Despite these risks and limitations, the airship station at Kassandra was still able to conduct long-range patrols on an almost continual basis, averaging eight hours of flying each day during August 1917. By November that year Warner had been given command of the Kassandra air station, its airships completing twelve flights that month lasting 80.5 hours (and covering 2,715 miles).

These operations were seldom uneventful. AEF reports mention a submarine sighting on 7th April 1918, adding that that the pilot was prevented – by engine trouble – from pursuing the engagement. A submerged sea mine was also discovered – five days later – near the Greek Island of Skiathos. That same month, anti-aircraft fire was encountered (from the crippled SMS Goeben) during an aerial reconnaissance of the Bosphorous.

Warner’s wartime pocket compass (Queensland Museum Collection, H19508).
Warner’s wartime pocket compass (Queensland Museum Collection, H19508).

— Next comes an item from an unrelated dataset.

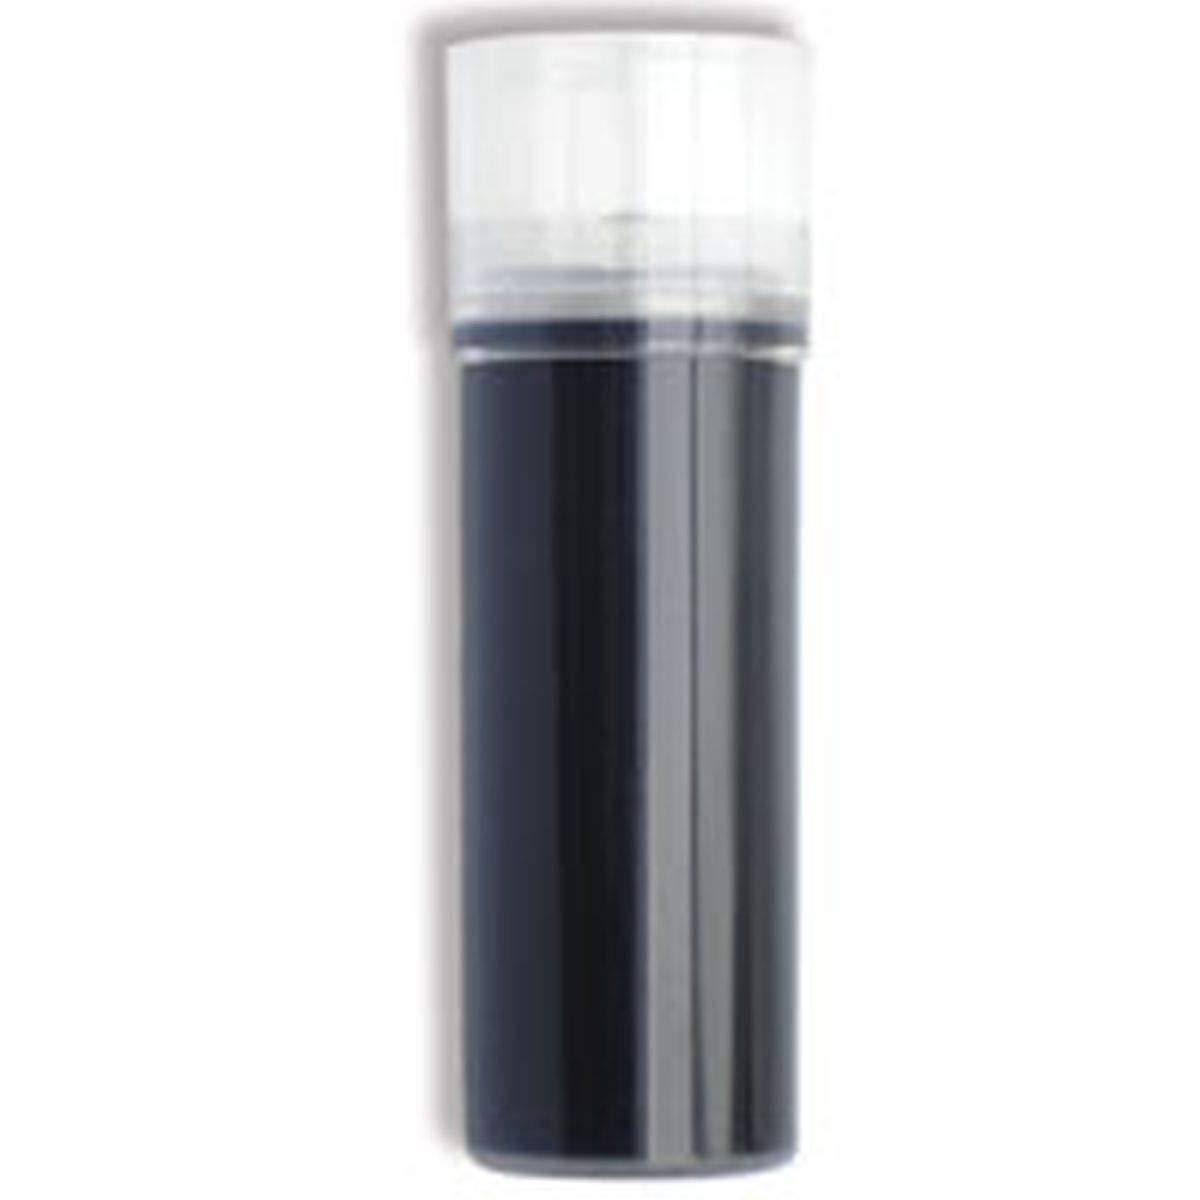 Pilot Refill for Begreen Recycled V Board Master Marker Bullet/Chisel Tip - Black, Box of 12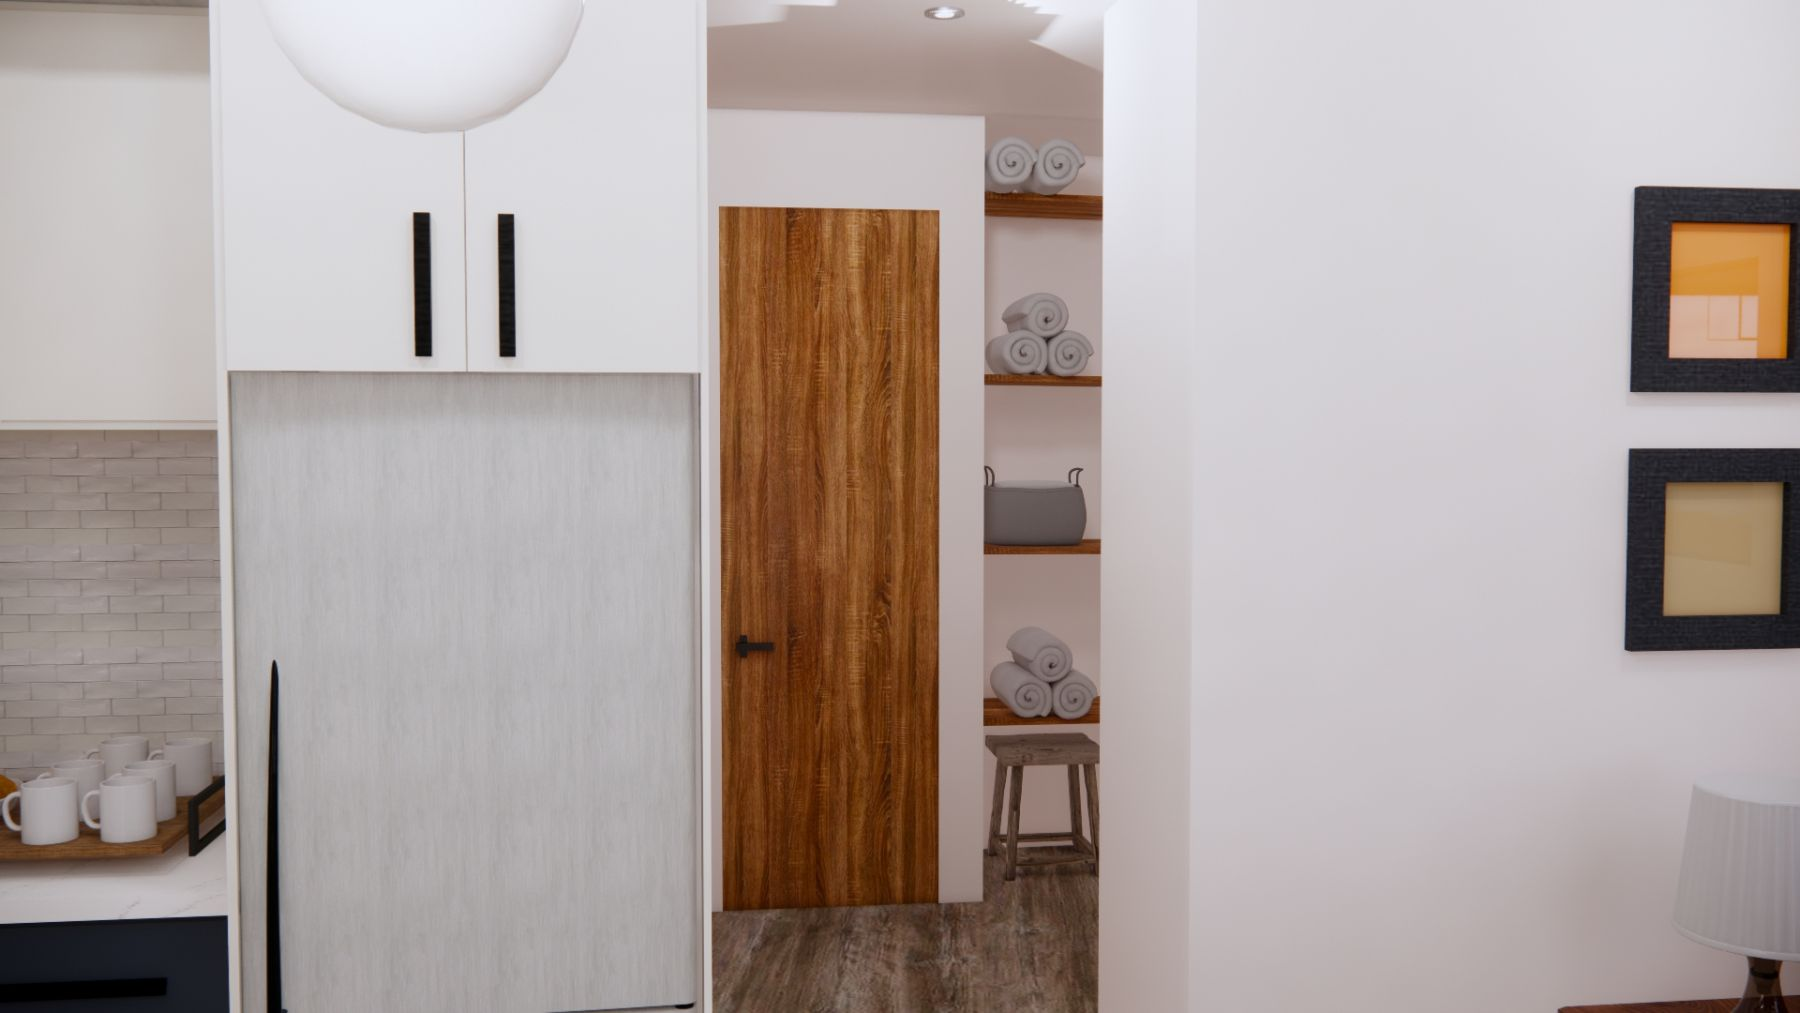 Hall-with-linen-closet

By war’s end Warner – then a Captain – had logged more than 760 airship flying hours, which far exceeded the times typically recorded by conventional (i.e. heavier-than-air) military pilots. Following his return to Australia in late 1919 he resumed his grazing interest, re-enlisting with the Royal Australian Air Force the same that war was declared (viz. 3rd September 1939). He eventually relinquished his commission – at RAAF Archerfield – in 1941, and died in 1959.

In1986 his son, former Queensland Parliamentary Speaker the Hon. John Warner (Qld), presented the Queensland Museum with the pocket compass that his father had carried during his long wartime patrols. Also gifted at this time was a chair which Alfred Warner had made from wooden airship propeller blades. Fitting tributes to a remarkable military career.